A. Incorrecta análise e apreciação da prova – reapreciação da prova gravada, devendo passar a considerar-se como provada, a seguinte factualidade:

a) O condutor da viatura (...) PP ao avistar a viatura (...) NT encostou à sua direita, saindo inclusive parcialmente da sua faixa de rodagem, tendo mesmo embatido com o para choques frontal direito na berma da estrada, ficando imobilizada.

c) A distância libertada pelo veículo da Autora ao veículo seguro na Ré foi de 3,00 metros.

d) O veículo da Autora saiu para a direita da sua hemi-faixa de rodagem cerca de 0,80 metros.

l) O veículo da Autora ficou impossibilitado de circular;

B. Se deve, ainda, ser dado como provado que o condutor do veículo seguro na ré, o conduzia como empregado da sociedade “T (...) ”, sua proprietária e por conta desta;

            C. Culpabilidade dos intervenientes na produção do acidente.

D. Montante da indemnização a atribuir à autora.

           

            Recurso da ré B... :

            E. Incorrecta análise e apreciação da prova – alteração da al. j) dos factos dados como não provados, a qual, deverá passar a ter a seguinte redacção:

“Quando foi embatido pelo veículo da autora, a lateral traseira do veículo seguro na ré estava a 0,25 metros da berma direita e a sua lateral dianteira direita estava a 2,80 metros da berma esquerda”.

            É a seguinte a matéria de facto dada por provada na decisão recorrida:

1. A Autora é uma sociedade comercial cujo objecto é o transporte de passageiros, possuindo para o efeito vários autocarros que são utilizados na persecução do seu objecto social.

2. No dia 25 de Outubro de 2012, pelas 17h20m, na Rua Principal, na localidade de Coucão, concelho de Sátão e distrito de Viseu, ocorreu um acidente entre os veículos de matrícula (...) PP e (...) NT.

3. Foram intervenientes no acidente referido em 2., D... , portador da carta de condução n.º C – 1388628 que conduzia o veículo pesado de passageiros, marca SETRA, com a matrícula (...) PP, propriedade da Autora, e C... , portador da carta de condução n.º C -376886, que conduzia o veículo ligeiro de marca TOYOTA, matrícula (...) NT, propriedade da sociedade comercial denominada de T (...) Unipessoal, Lda., segurado da Ré.

4. D... , à data do acidente, trabalhava e cumpria ordens da Autora.

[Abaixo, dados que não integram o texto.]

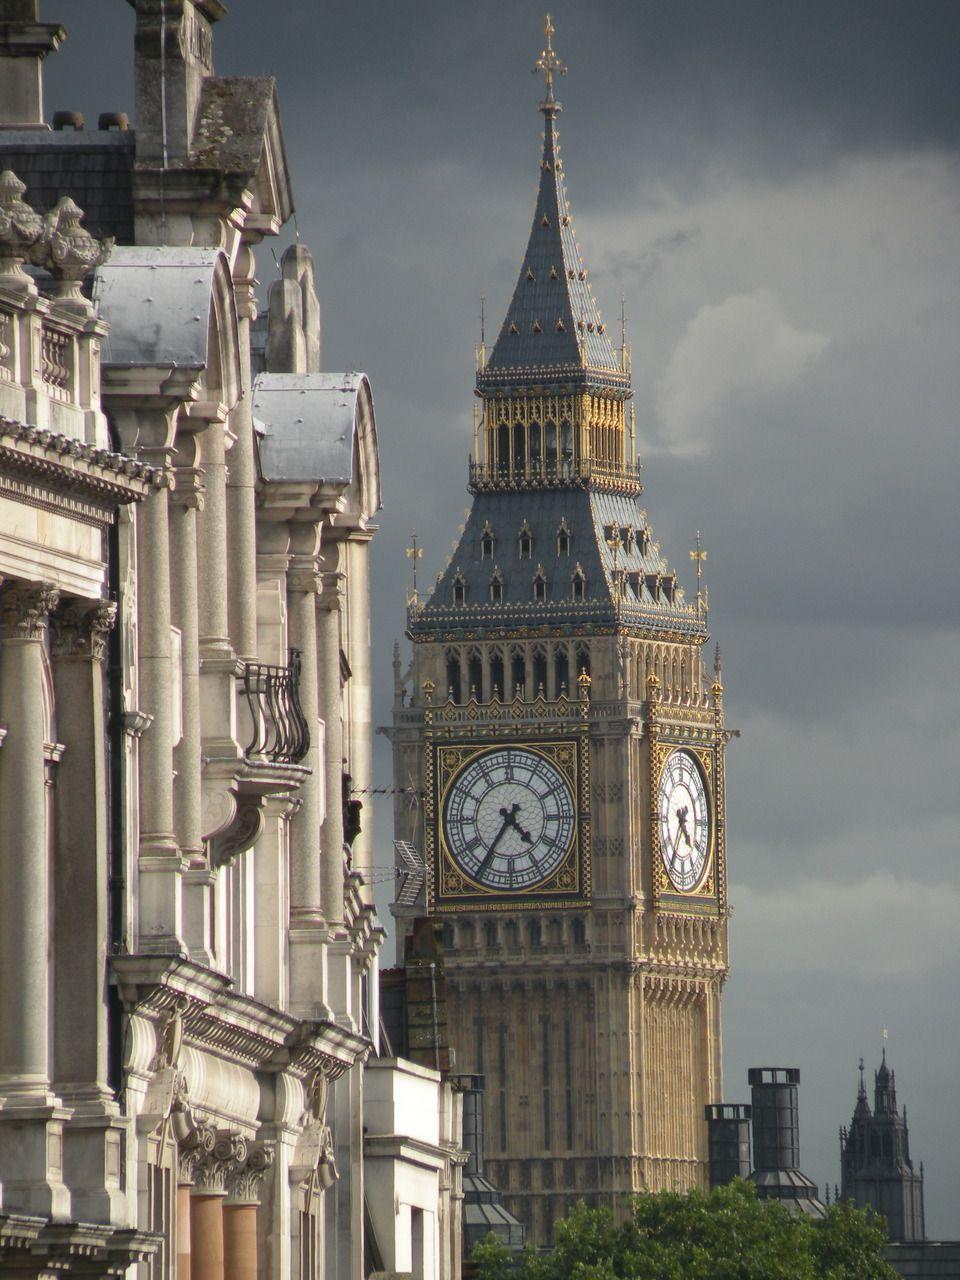 london big ben Big ben (torre del reloj): sigue en obras - 28341 opiniones y 14520 fotos de viajeros, y ofertas fantásticas para londres, uk en tripadvisor.

5. À data do acidente, o veículo (...) NT tinha a responsabilidade por acidente de viação validamente transferida para a Ré, através da apólice n.º 201605252.

6. O veículo (...) NT circulava no sentido Contige-Portela.

7. O veículo (...) PP circulava no sentido Portela- Contige.

8. O veículo propriedade da Autora tem, pelo menos, uma largura de 2,50 metros, mas nunca superior a 2,55 metros.

9. O veículo seguro na Ré tem uma largura de 1,995 metros.

10. A faixa de rodagem daquela artéria tem uma largura total de 4,7 metros.

11. A faixa de rodagem daquela estrada tinha o piso em asfalto, em razoável estado de conservação.

12. Nela não existiam quaisquer marcas a delimitar os sentidos de trânsito.

13. Do acidente referido em 2. resultaram danos no espelho retrovisor exterior esquerdo e nos taipais da rectaguarda da lateral esquerda do veículo (...) NT.

14. O acidente foi participado através de telefax à Ré no dia seguinte ao da ocorrência, tendo sido anexado a DAAA, assinada pelo motorista da Autora.

15. Lê-se no n.º 1 do artigo 1.º do acordo celebrado entre a ANTROP, associação que a Autora integra, e a Associação Portuguesa de Seguros que “os associados da ANTROP obrigam-se a participar à empresa de seguros qualquer acidente que presumam de responsabilidade desta, logo que dele tenham conhecimento, facultando a cópia da Declaração Amigável devidamente preenchida e assinada, com data e local do acidente, as matrículas dos veículos intervenientes a identificação dos condutores, os números das respectivas apólices, descrição do acidente e respectivo croquis, as testemunhas (se as houver), informação sumária da extensão dos respectivos danos e o local onde possam ser vistoriados, bem como a autoridade que tomou conta da ocorrência”.

16. A oficina onde o veículo da Autora ficou parqueado é da sua propriedade.

17. Em carta datada de 29 de Novembro de 2012, a Ré declinou qualquer responsabilidade no ressarcimento dos danos provenientes do sinistro.

18. Não se conformando com a posição da Ré, a Autora solicitou à sua companhia AXA Seguros, que se pronunciasse sobre a responsabilidade do acidente.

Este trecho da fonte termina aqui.